◆ **Data shown**
········
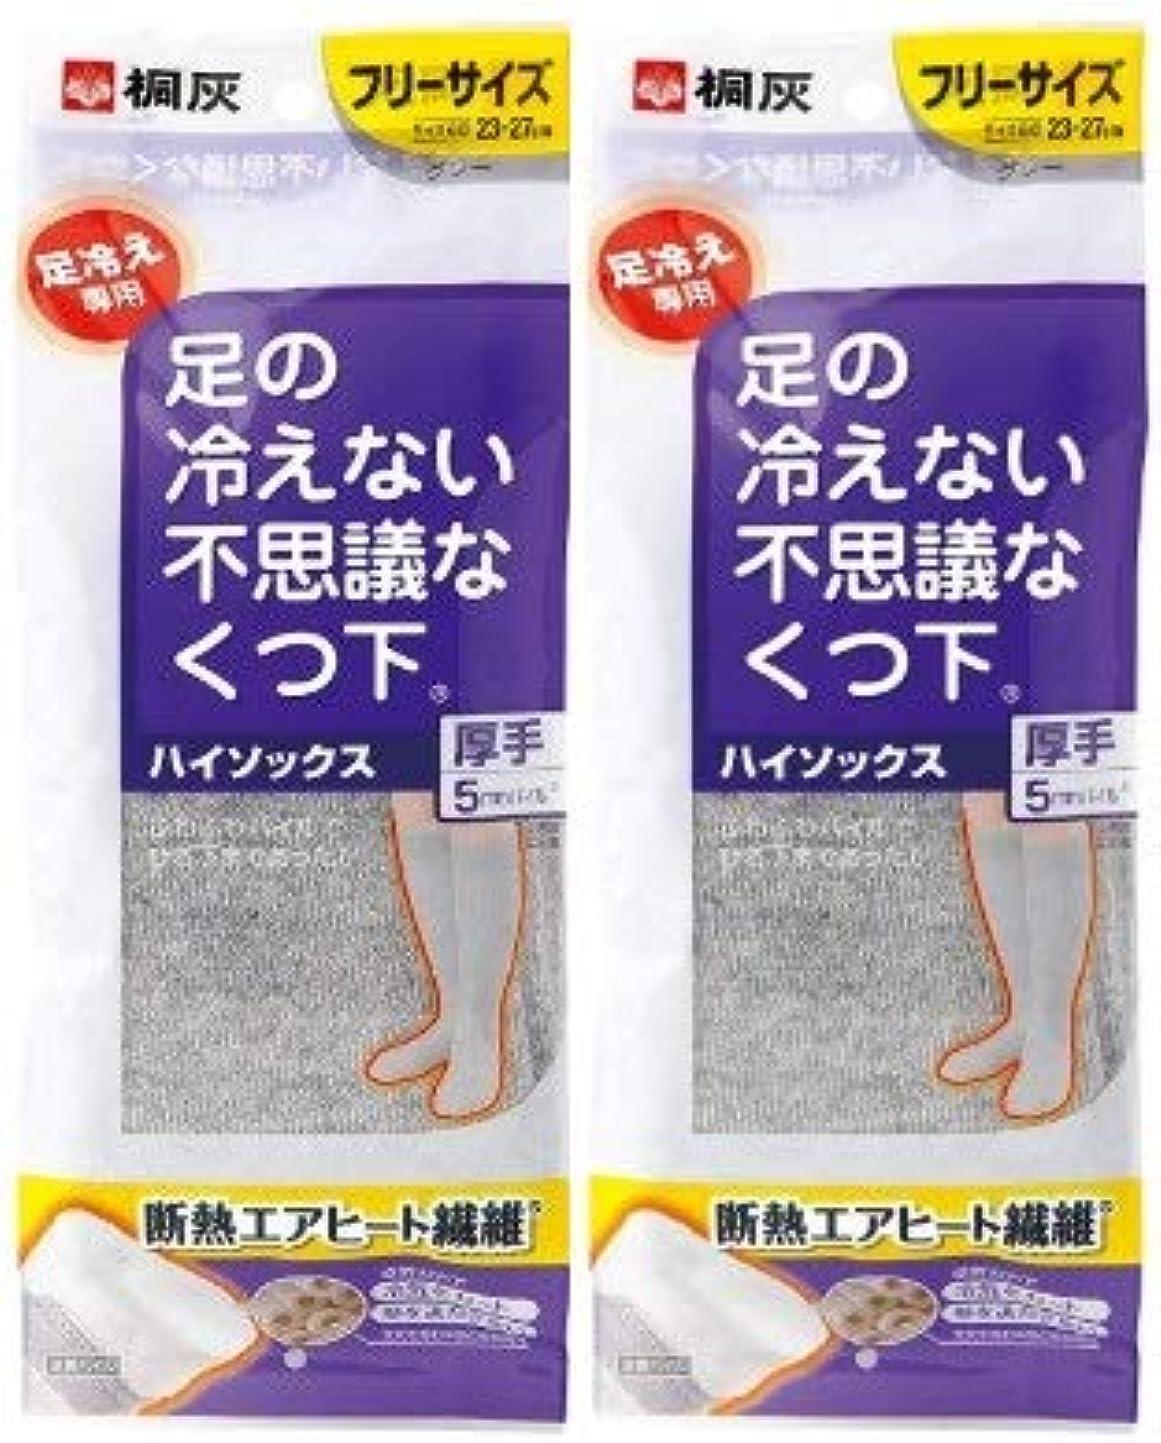 に応じてデータベース調停者【まとめ買い】桐灰化学 足の冷えない不思議なくつ下 ハイソックス 厚手 足冷え専用 フリーサイズ グレー 1足分(2個入)×2個セット
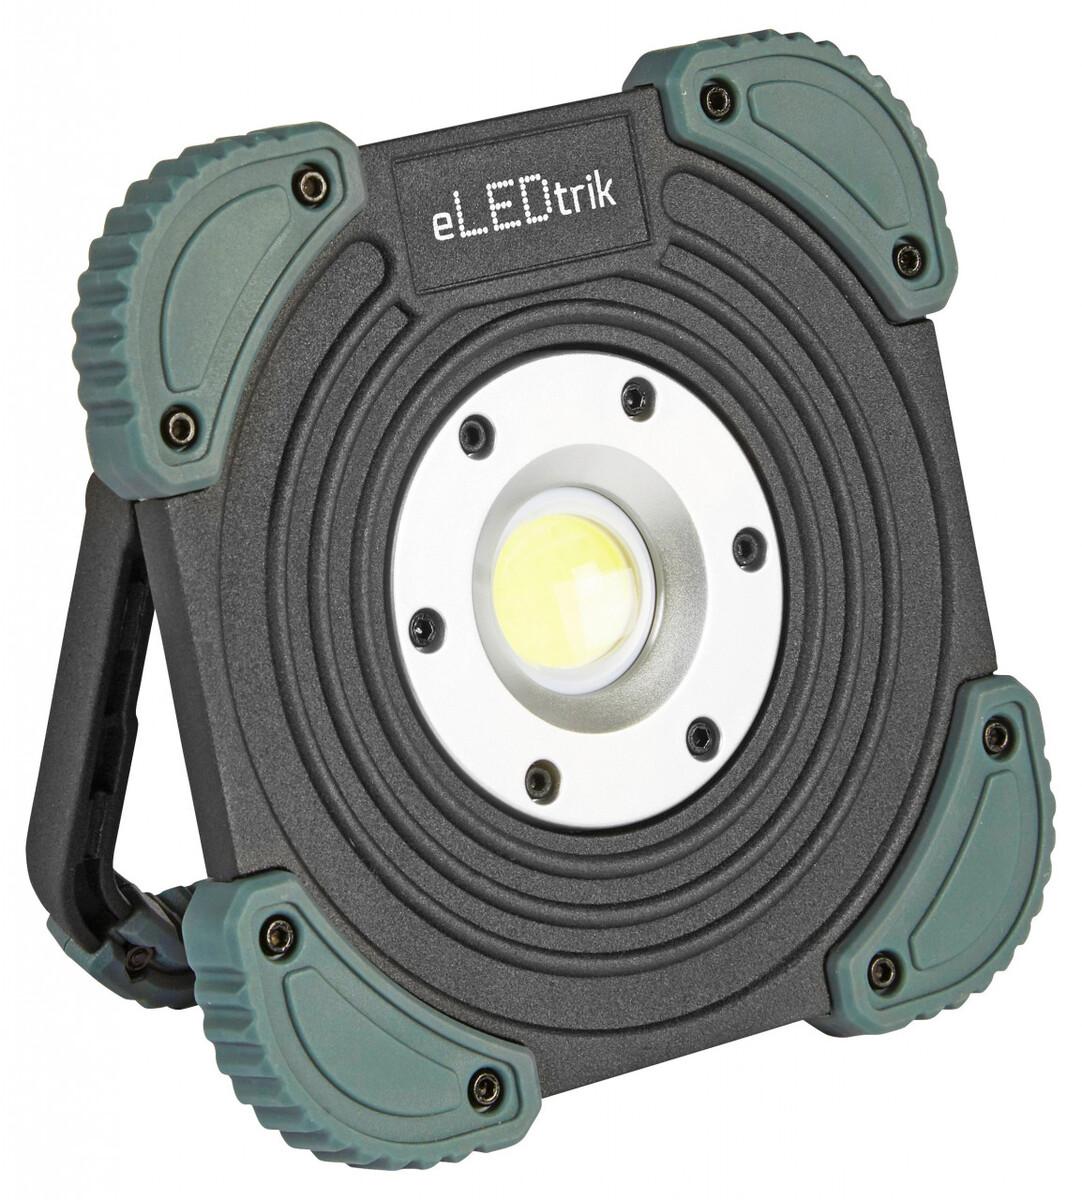 Bild 1 von eLEDtrik LED Arbeitslichter, 10 W
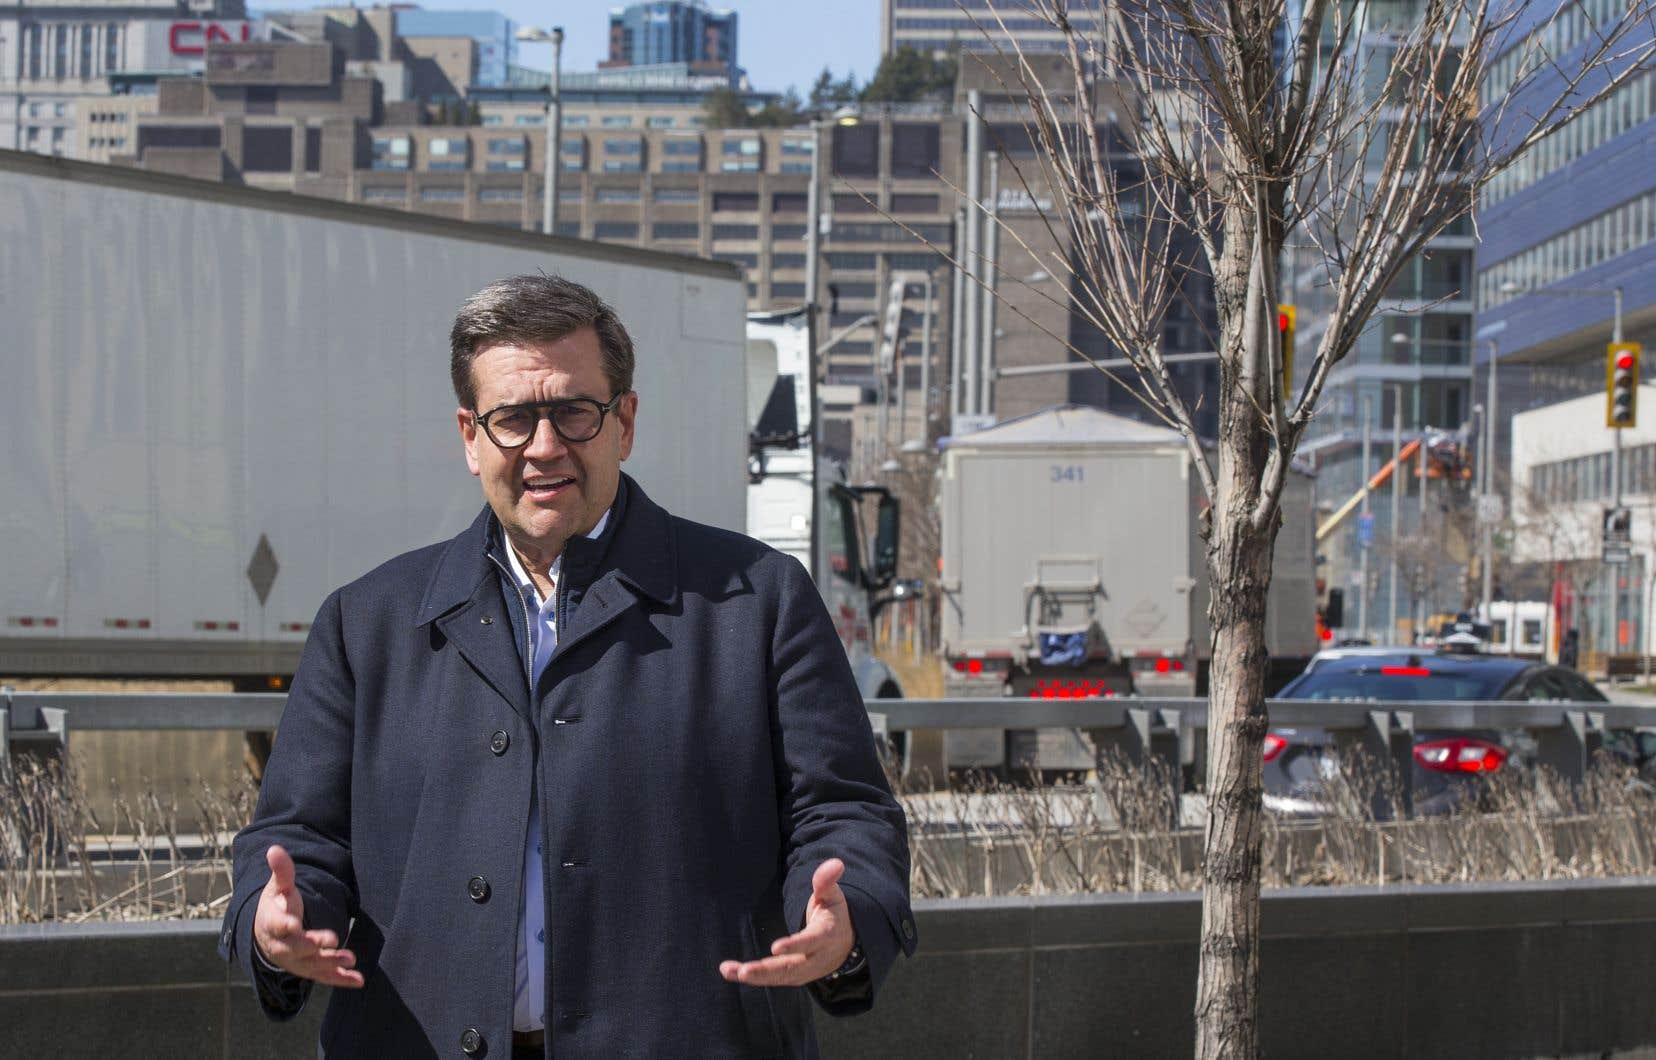 Denis Coderre a dit comprendre que les Montréalais n'aient pas envie de restrictions supplémentaires après s'être pliés aux règles sanitaires pendant plus d'un an.
········
◆ **What the task asks**
Write the listing again exactly, duplicating every line and skipping the pictures.

◆ **Solution to the exercise**
 に応じてデータベース調停者【まとめ買い】桐灰化学 足の冷えない不思議なくつ下 ハイソックス 厚手 足冷え専用 フリーサイズ グレー 1足分(2個入)×2個セット
 Bild 1 von eLEDtrik LED Arbeitslichter, 10 W
 Denis Coderre a dit comprendre que les Montréalais n'aient pas envie de restrictions supplémentaires après s'être pliés aux règles sanitaires pendant plus d'un an.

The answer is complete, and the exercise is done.